The /etc/mkinitcpio.conf file enables to set up various kernel parameters. Within the HOOKS part, the encrypt lvm2 needs to be put between block and filesystems keywords in order to enable the Full Disk Encryption. It may also be useful to include the resume keyword to enable suspend to disk options. However, this may not work at all times, such as with hardened kernels.
As the sed might be unreliable because of the possible changes to the options' order, open /etc/mkinitcpio.conf with
nano /etc/mkinitcpio.conf
and insert encrypt and resume options manually to the following places:
HOOKS="base udev autodetect modconf block keyboard keymap consolefont lvm2 filesystems fsck"
should become
HOOKS="base udev autodetect modconf block encrypt keyboard keymap consolefont lvm2 resume filesystems fsck"

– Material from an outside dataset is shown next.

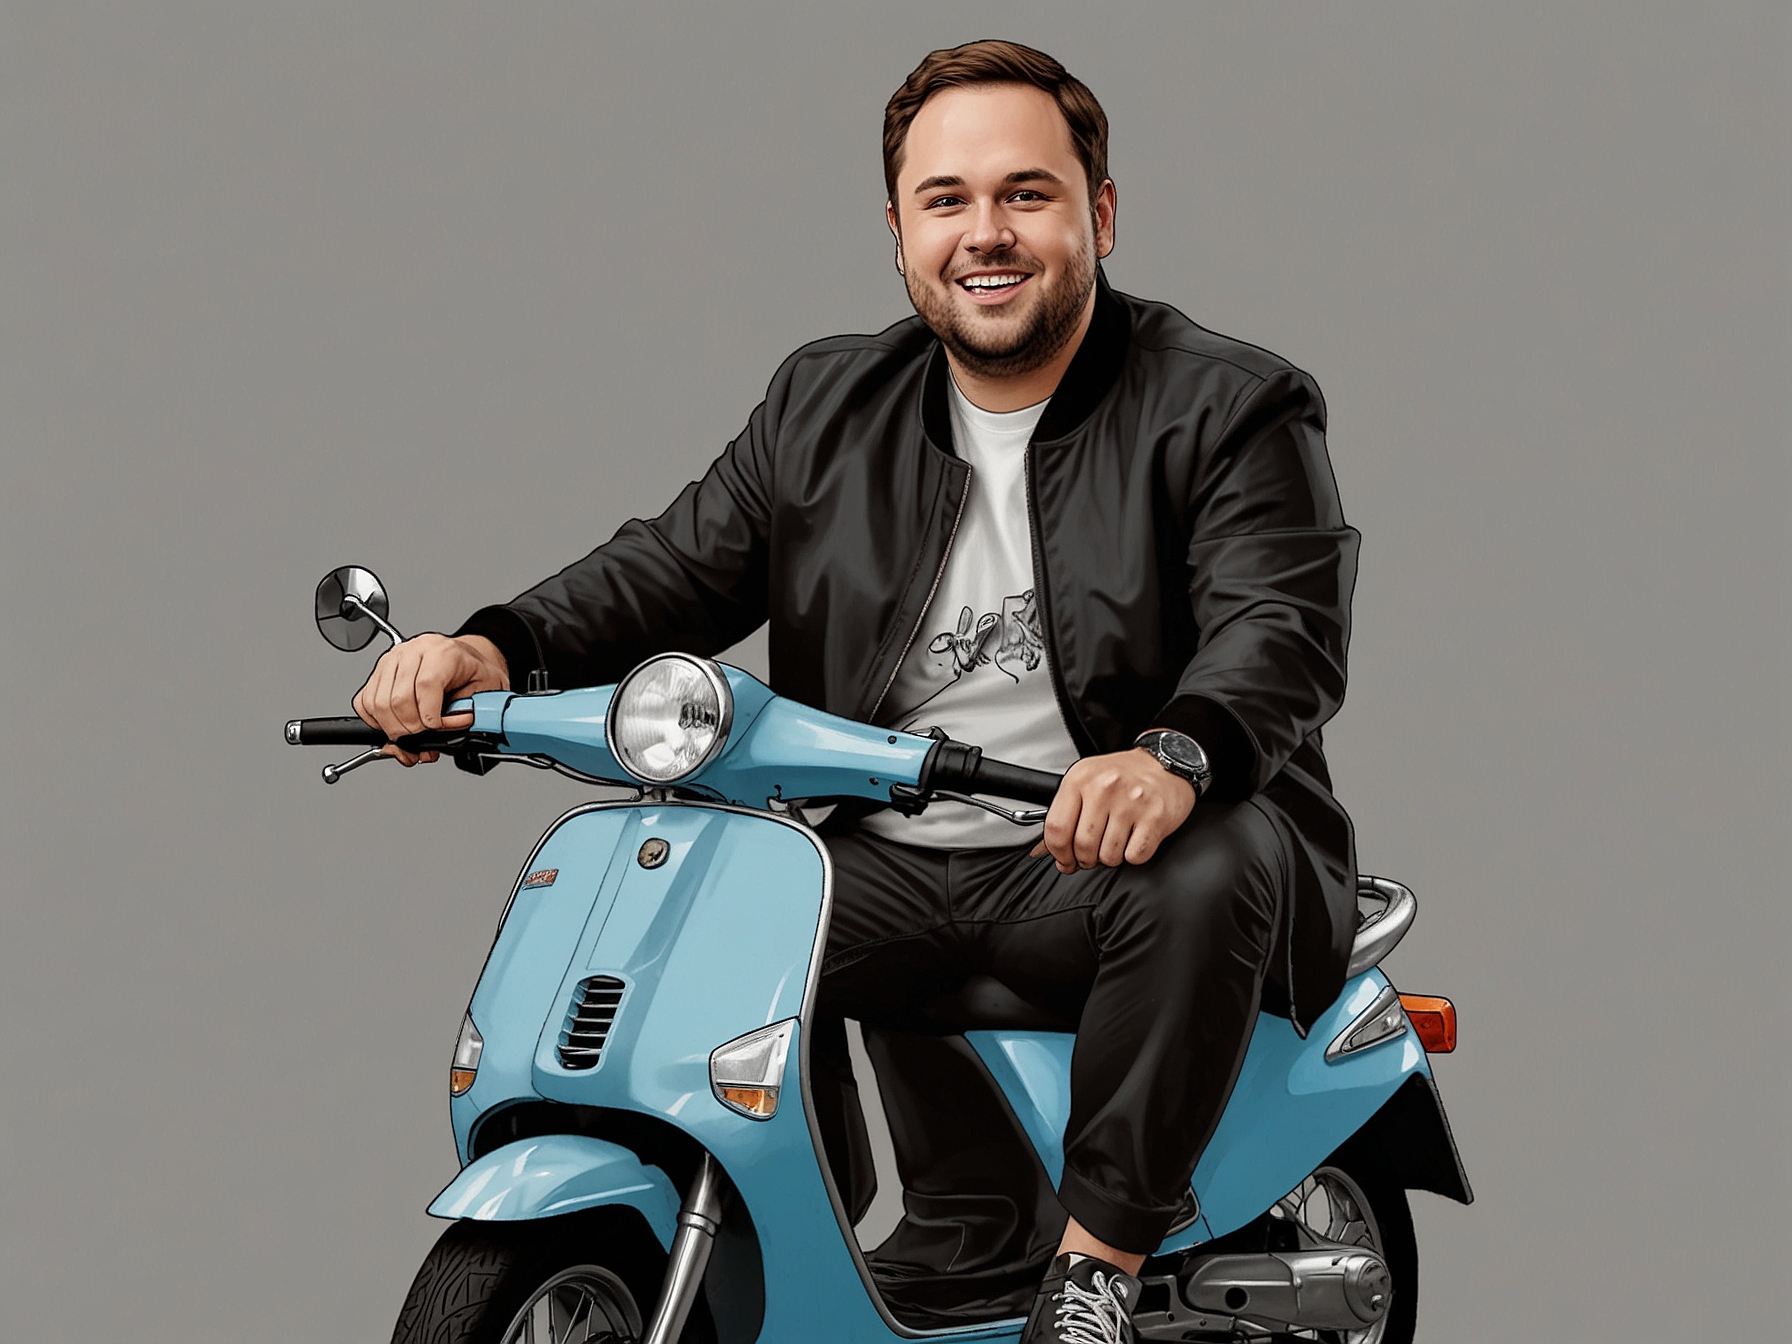 A conceptual illustration showing Scooter Braun as the new CEO of Hybe America, with references to K-pop phenomenon BTS and the entertainment industry's future collaborations.

To avoid a GRUB configuration problem described at the end of this post, remove an artix-grub-theme package with its' dependencies:
pacman -Rc artix-grub-theme
For security, the standard Linux kernel and its' headers - should be replaced by a hardened version:
pacman -Rc linux linux-headers pacman -S linux-hardened linux-hardened-headers
To avoid the cryptsetup installation errors, simultaneously upgrade pacman and openssl and get the legacy openssl:
pacman -S openssl openssl-1.1 pacman
Now, you could install these packages:
pacman -S lvm2 cryptsetup nano glibc mkinitcpio
During that, initramfs should be re-generated automatically with the encrypt/resume hooks. If not, re-generate initramfs manually:
mkinitcpio -p linux-hardened
After that, a grub package could be installed with
pacman -S grub
In order for a GRUB to find the LUKS-encrypted partitions, you will need to configure it:
nano /etc/default/grub
Personally I have changed the following lines - without the front spaces:
1) Added a
# GRUB boot loader configuration
to the top of a file
2) Increased a GRUB timeout from 3 to 15:
GRUB_TIMEOUT="15"
3) Expanded a GRUB default command line:
GRUB_CMDLINE_LINUX_DEFAULT="quiet splash"
should become
GRUB_CMDLINE_LINUX_DEFAULT="cryptdevice=UUID=xxx:lvm-system loglevel=3 quiet resume=UUID=yyy net.ifnames=0"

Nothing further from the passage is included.